Exit Protocol (Hal Shepard Sci-Fi Thrillers Book 1) by Nick Stephenson

Exit Protocol (Hal Shepard Sci-Fi Thrillers Book 1) by Nick Stephenson

Author:Nick Stephenson [Stephenson, Nick]
Language: eng
Format: epub
Publisher: WJ Books Ltd
Published: 2020-02-04T16:00:00+00:00


17

Two hours later I found myself back at my desk, my mind spinning. Goswami had given me a temporary reprieve — a way to buy myself a few hours — but if the audit flagged me before I could get underground, the chances of getting Meredith to safety dropped to pretty much zero. It would be difficult enough to stay ahead of Triss, but with Im-Sec out for my blood I wouldn’t last five minutes. So I’d need to move fast, have everything ready.

For this to work I’d need to load up the synapse drive with dummy data, and hope Triss took enough precautions to delay checking it until later. To get the dummy data onto the drive in the first place, I’d need to convince SAI to work with me — and keep quiet about it long enough for me to get away. If SAI decided to alert anyone to what was going on, it would be game over. I’d be arrested before I’d even left the building. At which point, Triss would come for Meredith and there would be precisely nothing I could do about it.
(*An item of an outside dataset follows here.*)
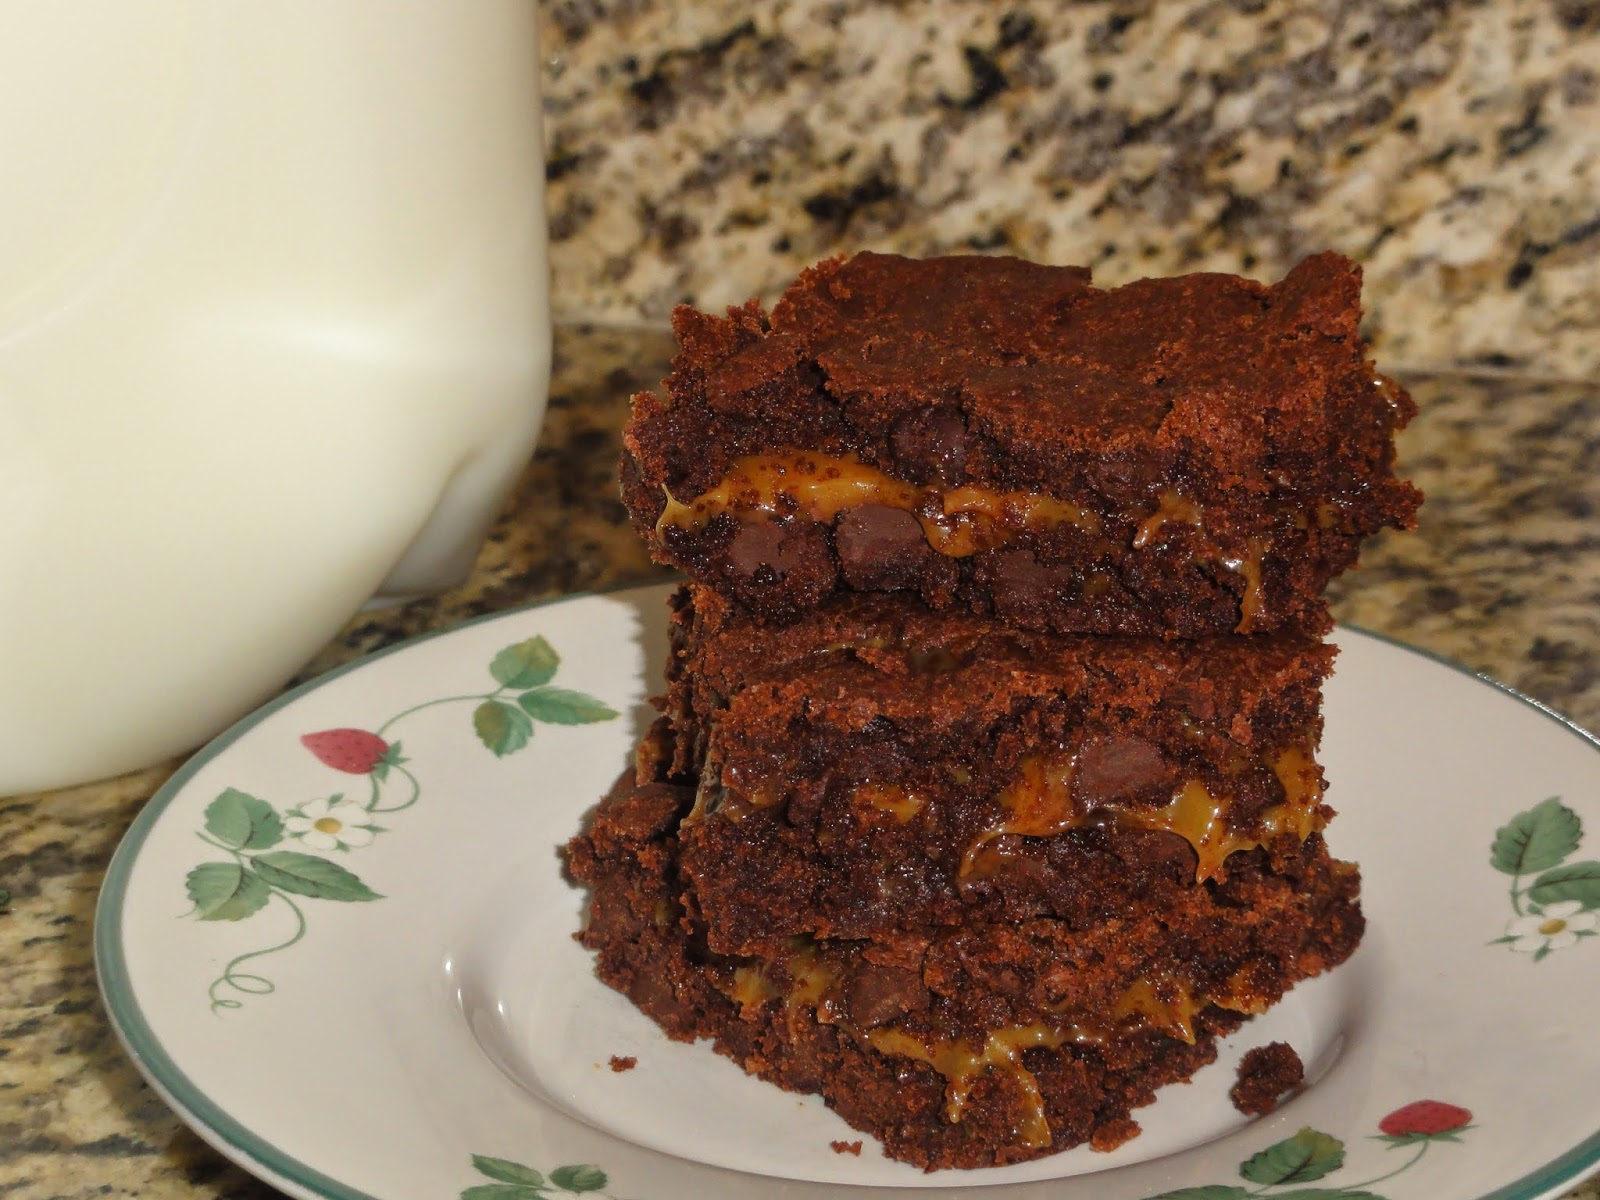 Hungry Hinton S Chocolate Cake

Gos had given me a last-resort measure, but it was just that — a last resort. If SAI wouldn’t play ball, or if Triss’s program prevented him from protecting his files, my only option would be to take full command and shut him down. And that meant overriding his core directives, using a brute force termination signal to render SAI basically inoperable, wiping the synapse drive of any usable data in the process. The drive would still be full, but the files would be corrupted beyond use.

Best case scenario, SAI would be crippled. A shadow of his former self, his core personality ripped to shreds. More likely, Gos said, it would kill him (whatever that meant, for a computer) and set off just about every alarm system in the building. I’d have prevented the data breach, sure, but SAI would be destroyed and I’d have a battalion of armed Im-Sec agents to deal with. Hardly the ideal outcome.

Was destroying a sentient AI the same as killing? I wasn’t sure. But I felt uneasy about the moral implications enough to assume it probably was. Besides, he was starting to grow on me.

Here’s how I saw it going down: Triss would arrange for Armstrong to change the security shift at SAI’s server bunker at a specific time tomorrow morning. There’d be some kind of delay, and that would be my window. I’d hook up to SAI via the synapse drive, but use Goswami’s interface patch to alert SAI to what was going on, and get him to fill the drive with scrambled data. Assuming SAI didn’t trip the alarm, I’d deliver the drive to Triss (or, more likely, one of her buddies) and then I’d have a few hours to get me and Meredith underground and out of sight.

It all sounded feasible in my head, but I knew making this work meant eliminating the variables. Making sure nothing was left to chance.